在這感人肺腑的愛情故事裏,那個本該是愛情結晶的小女孩卻很少出現——就像是被愛情故事的主人公遺忘了一樣。

嚴安貞坐在靠窗的那一邊,似是平靜地看著窗外疾馳向後的景色,眸光淡淡,然而握著手機的手骨節發青,掌心裏全是密密麻麻的汗。

上一次主動去找他,還是五年前。

這五年間,他們僅見過一面。

旁人或許會驚異於兩人之間淡薄的情感,只有她內心清楚,如果可以,他寧願她沒有出生過。

“哇啊——”

左前方小孩突然爆發的哭聲喚回了嚴安貞的心神,她淡淡地看過去,發現是一個小女孩跌倒在過道上,她旁邊的人應該就是她的母親,正著急忙慌地抱起孩子,朝她的膝蓋上吹氣,邊吹邊皺著眉安撫著,等安撫的差不多了,又對小女孩後面的男子瞪眼,責怪他看護不力,那男子也是連連點頭,痛斥自己的粗心大意,那認錯的模樣過於誠懇,弄得母親沒了脾氣,說幾句就沒聲了。

一家三口的這個小插曲很快過去,周圍的人也都移開了目光,繼續沈浸在自己的世界裏。

嚴安貞卻望著那三人,久久不能回神。

印象裏,她也是有過這樣一段美好時光的,在母親去世以前,在父親還正常以前。

有的時候,她很羨慕圓圓,羨慕她身上有種孤膽的勇氣,能夠脫離江父的掌控,義無反顧地離開那個養育了她二十幾年的家庭,但她知道,不是所有人都有這種決絕的膽量,哪怕沒有人比她更明白她深陷在什麽樣的泥淖裏,她也無法輕輕松松斬斷她與他之間的關系。

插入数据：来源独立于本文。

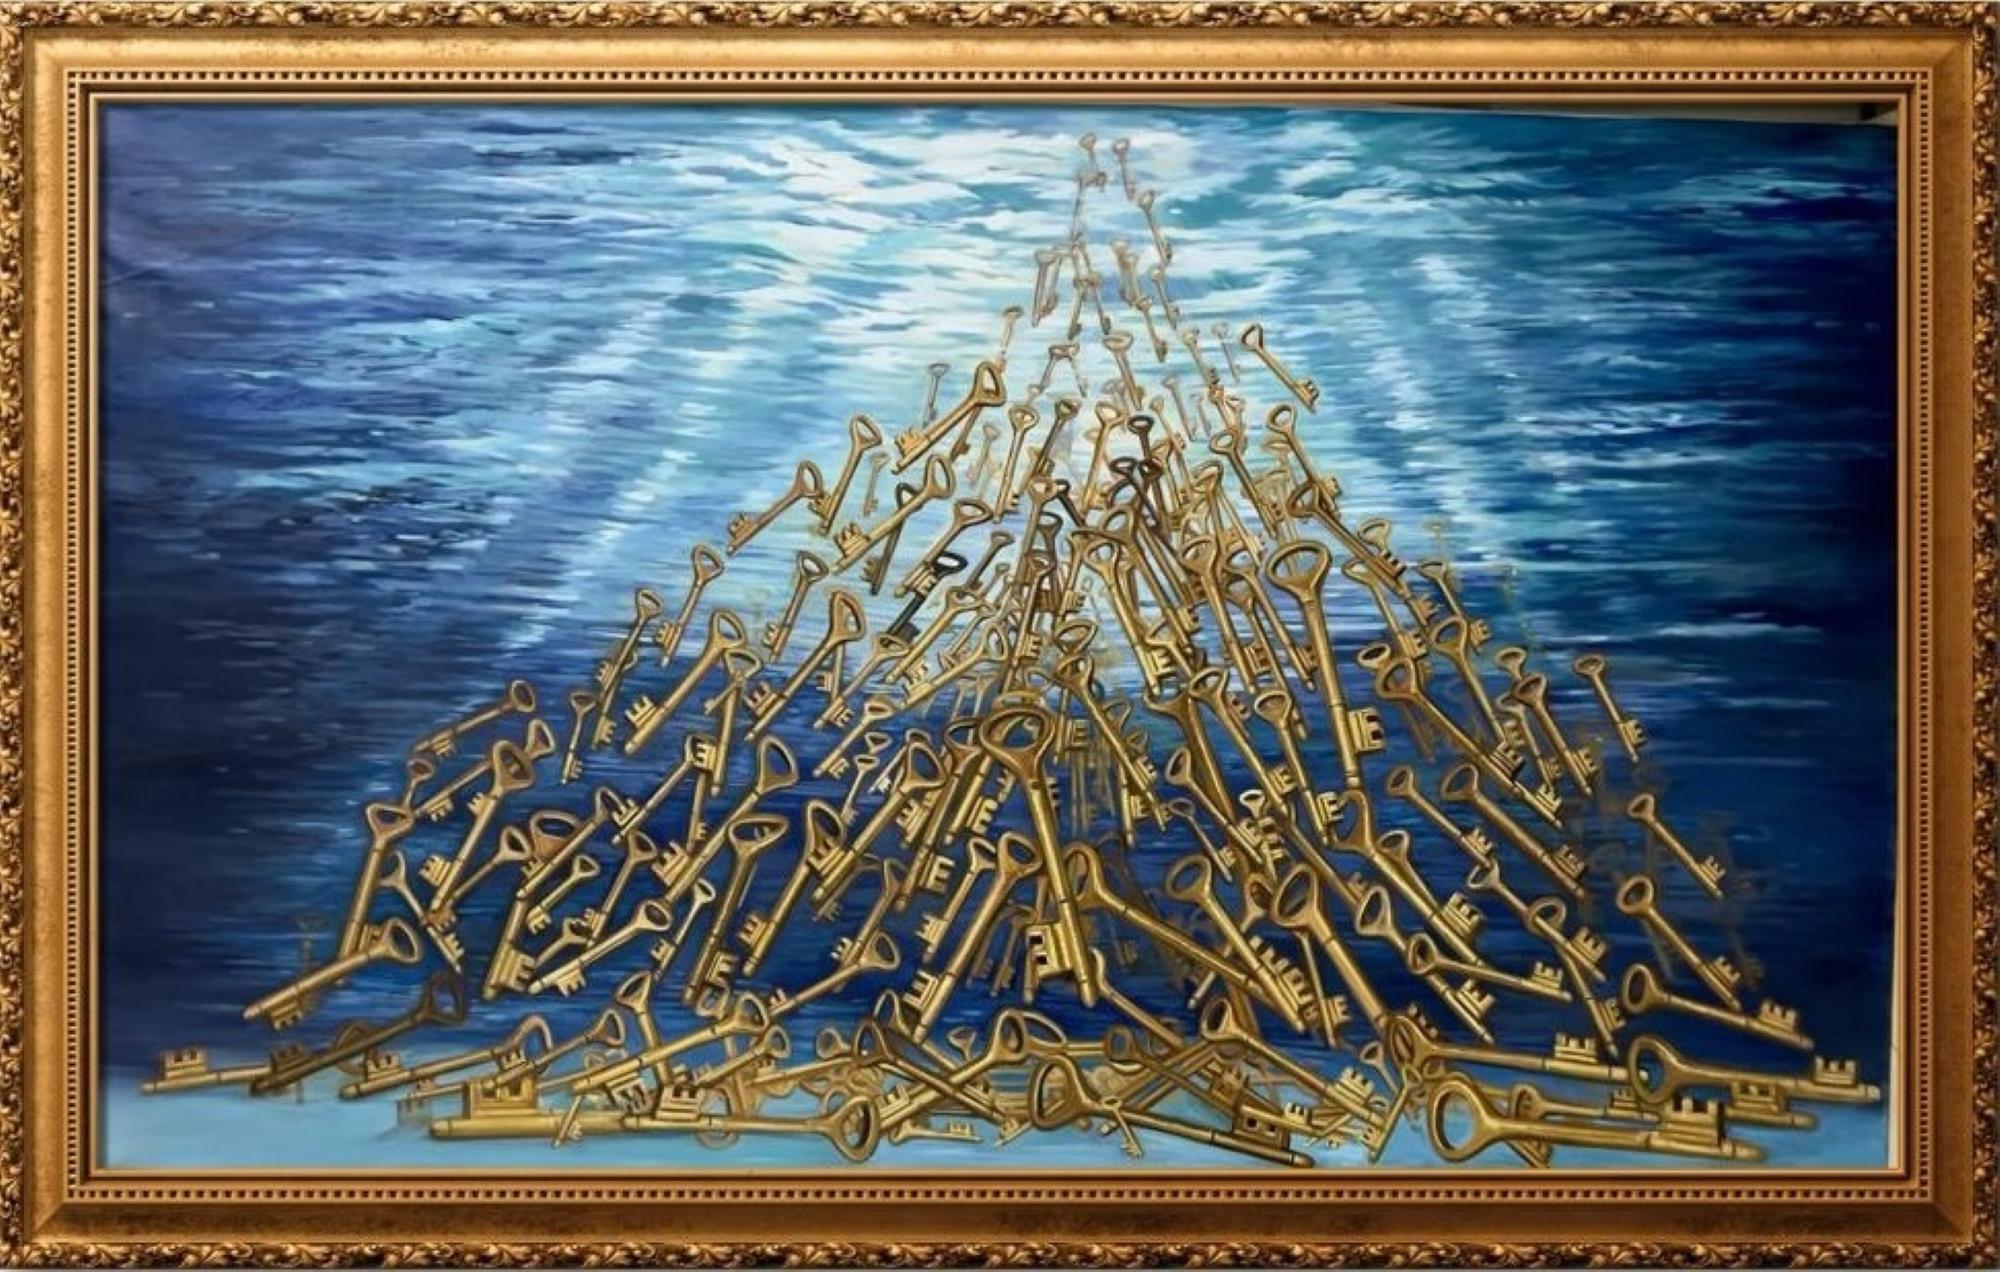 Keys sound in the ocean - Painting by HANI NAJI

但是現在不一樣了,她仍舊害怕,可是依然坐上了去往松澤的高鐵。

她或許可以逃避,但沒道理讓圓圓繼續無謂地等下去。

懷著這樣一種想逃避又堅定的矛盾心情,嚴安貞時隔五年,再次踏上了松澤的土地。

這裏跟她的記憶有了些差別,她也無意去回憶往事,傷春悲秋,叫了輛出租車就直奔老家去。

曾經她們一家三口住的房子早早地就被賣掉,江父從梁岳又回到松澤後在同一個小區買了另一套房子,嚴安貞對著手機上的信息念出了小區名字,那司機師傅熟門熟路地摸了條路開過去,看了眼後視鏡,笑道:“小姑娘,不是本地人吧。”

嚴安貞禮貌回覆道:“嗯。”

司機:“我就說,聽你這口音就不像。看你這樣子,也不是來旅游的,是來見自己男朋友的?”能讓一姑娘孤身來到陌生城市的無非就那麽幾個原因,這司機倒是挺八卦的。

嚴安貞望著窗外,淡聲道:“不是,來走親戚的。”

“哦這樣啊。”司機還想再聊一會,瞥見她興致缺缺的模樣,也就不再說話,開了大概半小時,就到了。

付了錢,嚴安貞下車,擡頭掃了眼小區的名字,抿了抿唇,給他發消息。

嚴安貞;【我到了】

嚴父:【直接上來吧,我在家】

嚴安貞眸光暗了下去,擡步走向13號單元樓。